======== MATERIAL PROVIDED ========
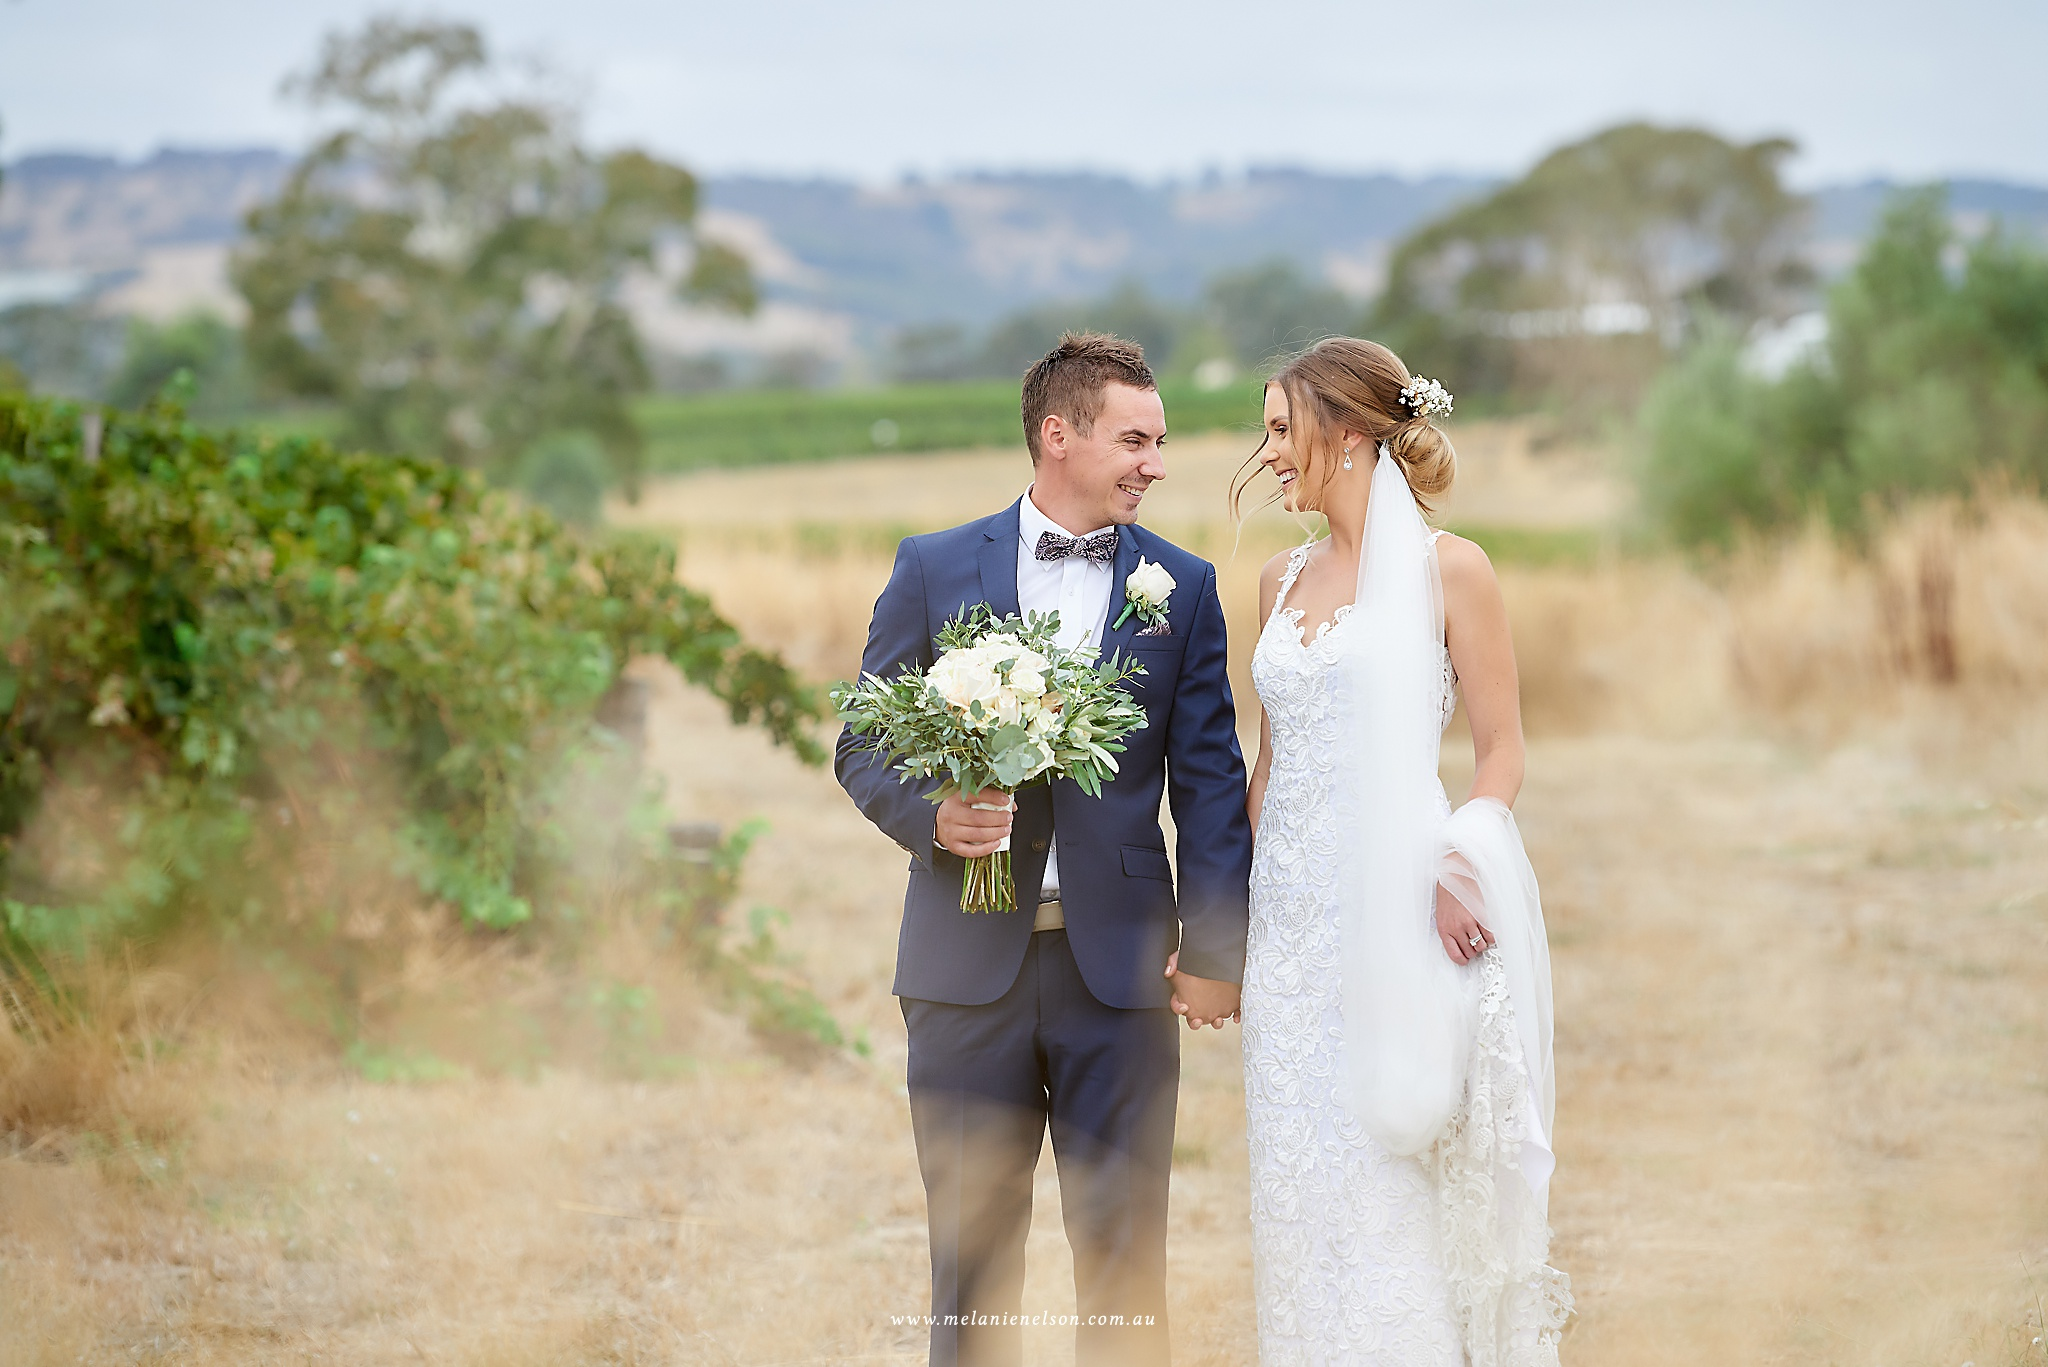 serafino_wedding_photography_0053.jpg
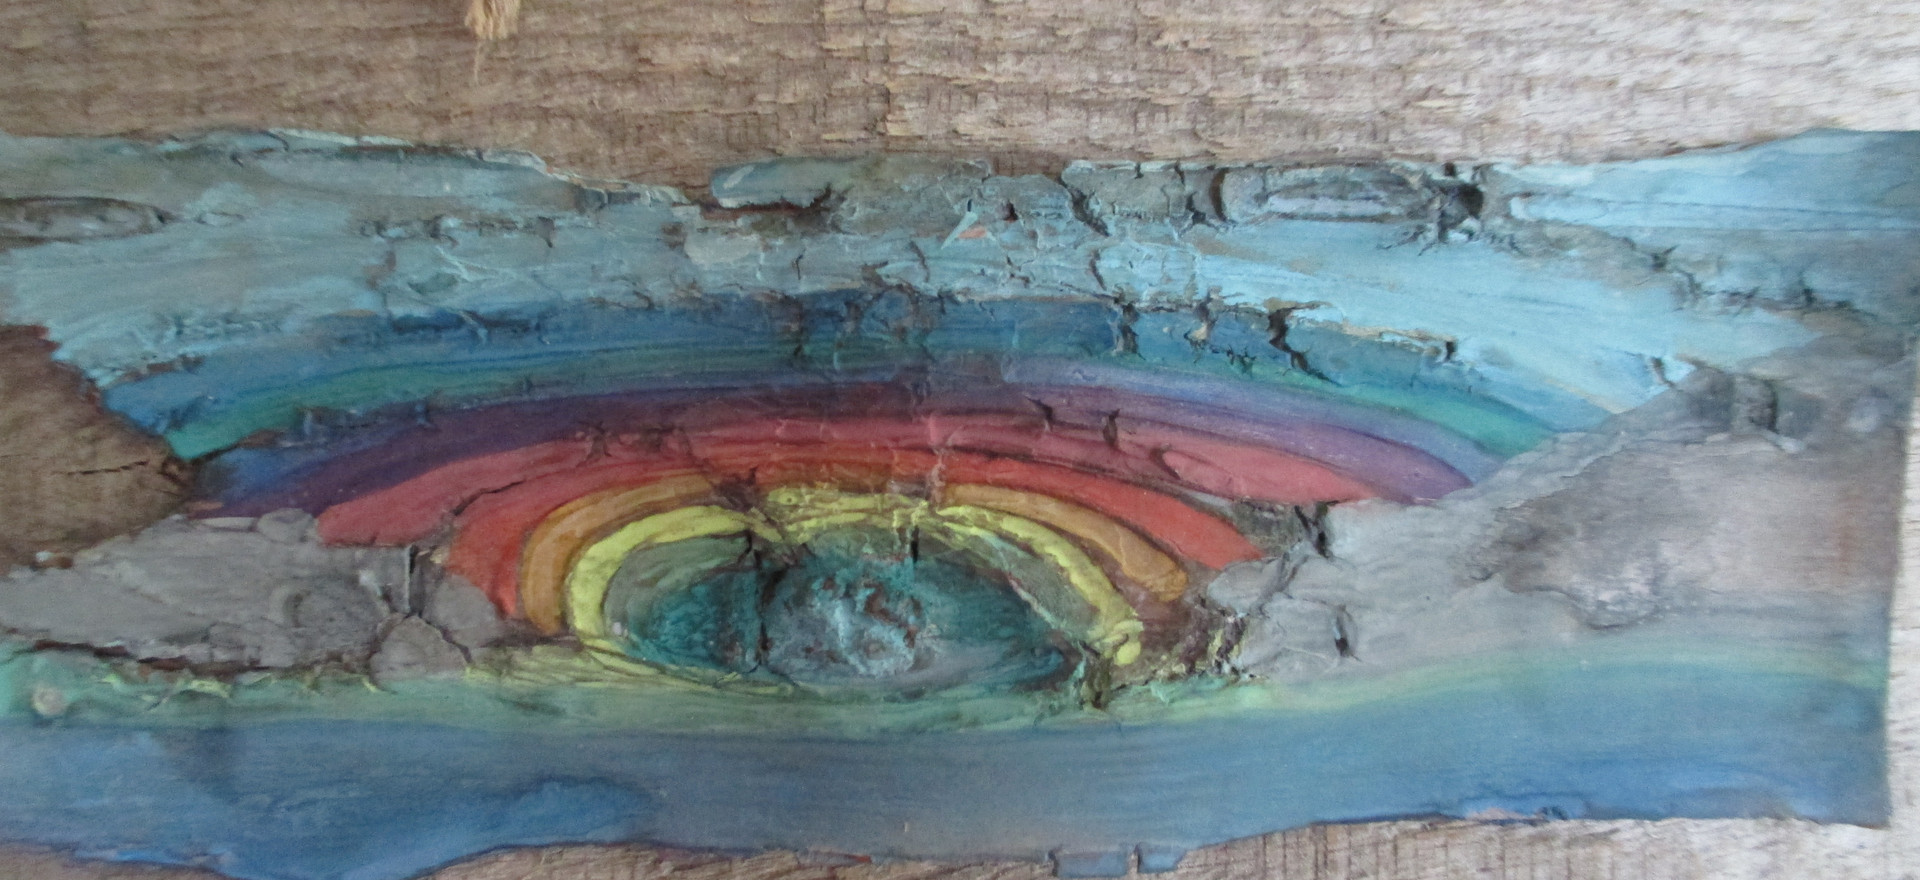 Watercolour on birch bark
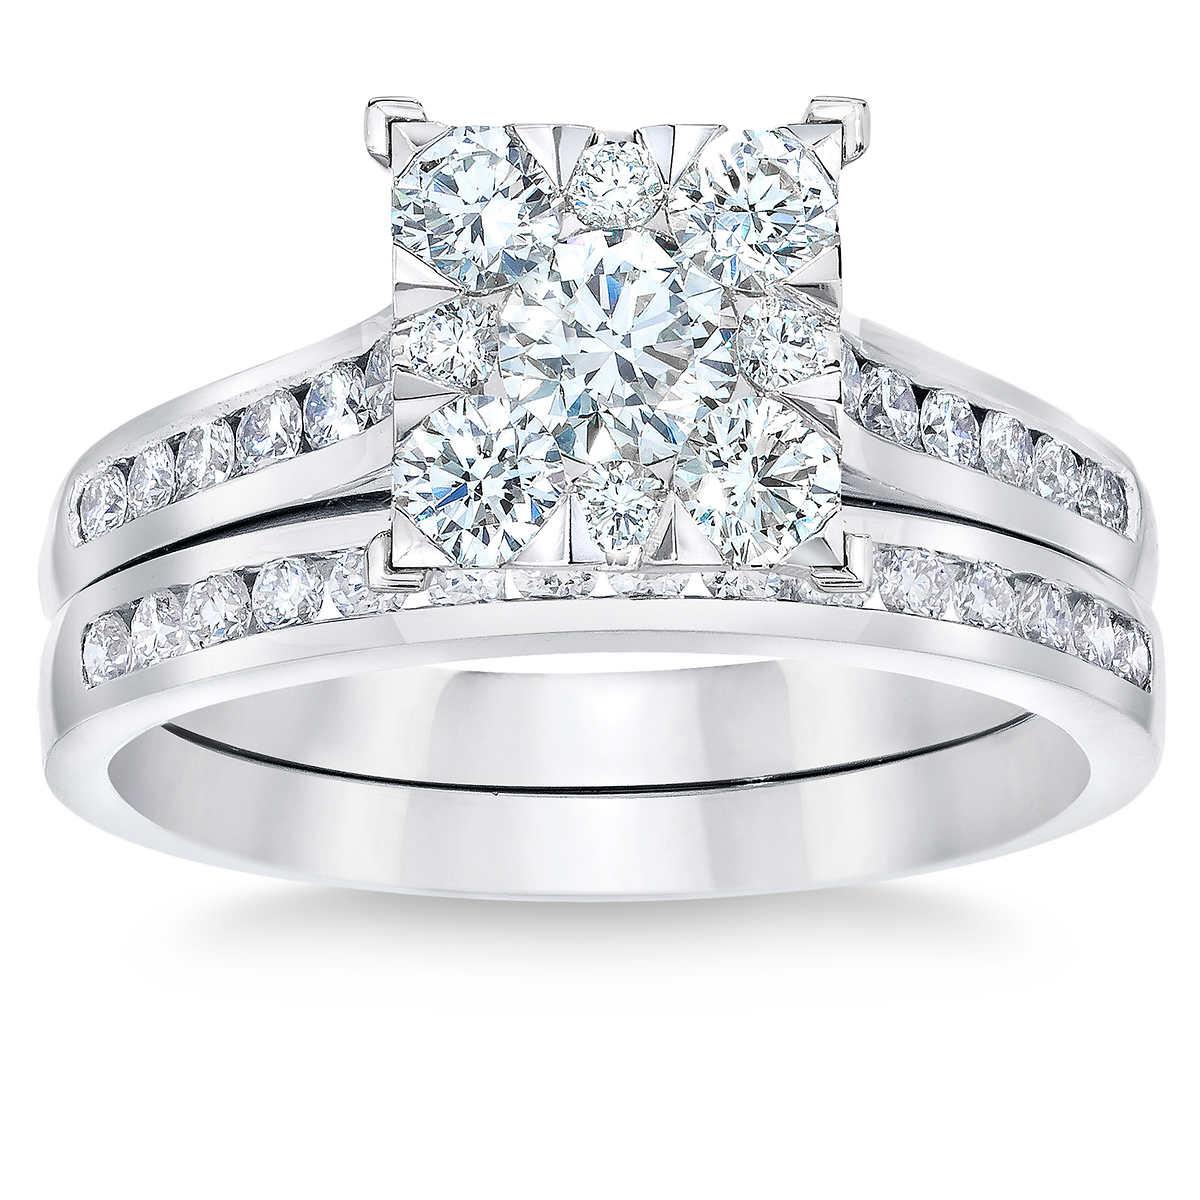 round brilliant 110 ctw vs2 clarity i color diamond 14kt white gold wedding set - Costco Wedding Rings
========
= WORK TO COMPLETE =
Nothing but the lines from the one containing "Watercolour on birch bark" through the end of the listing is to be output, and those lines are to be output exactly, pictures excluded.

= TASK RESULT =
 Watercolour on birch bark
 round brilliant 110 ctw vs2 clarity i color diamond 14kt white gold wedding set - Costco Wedding Rings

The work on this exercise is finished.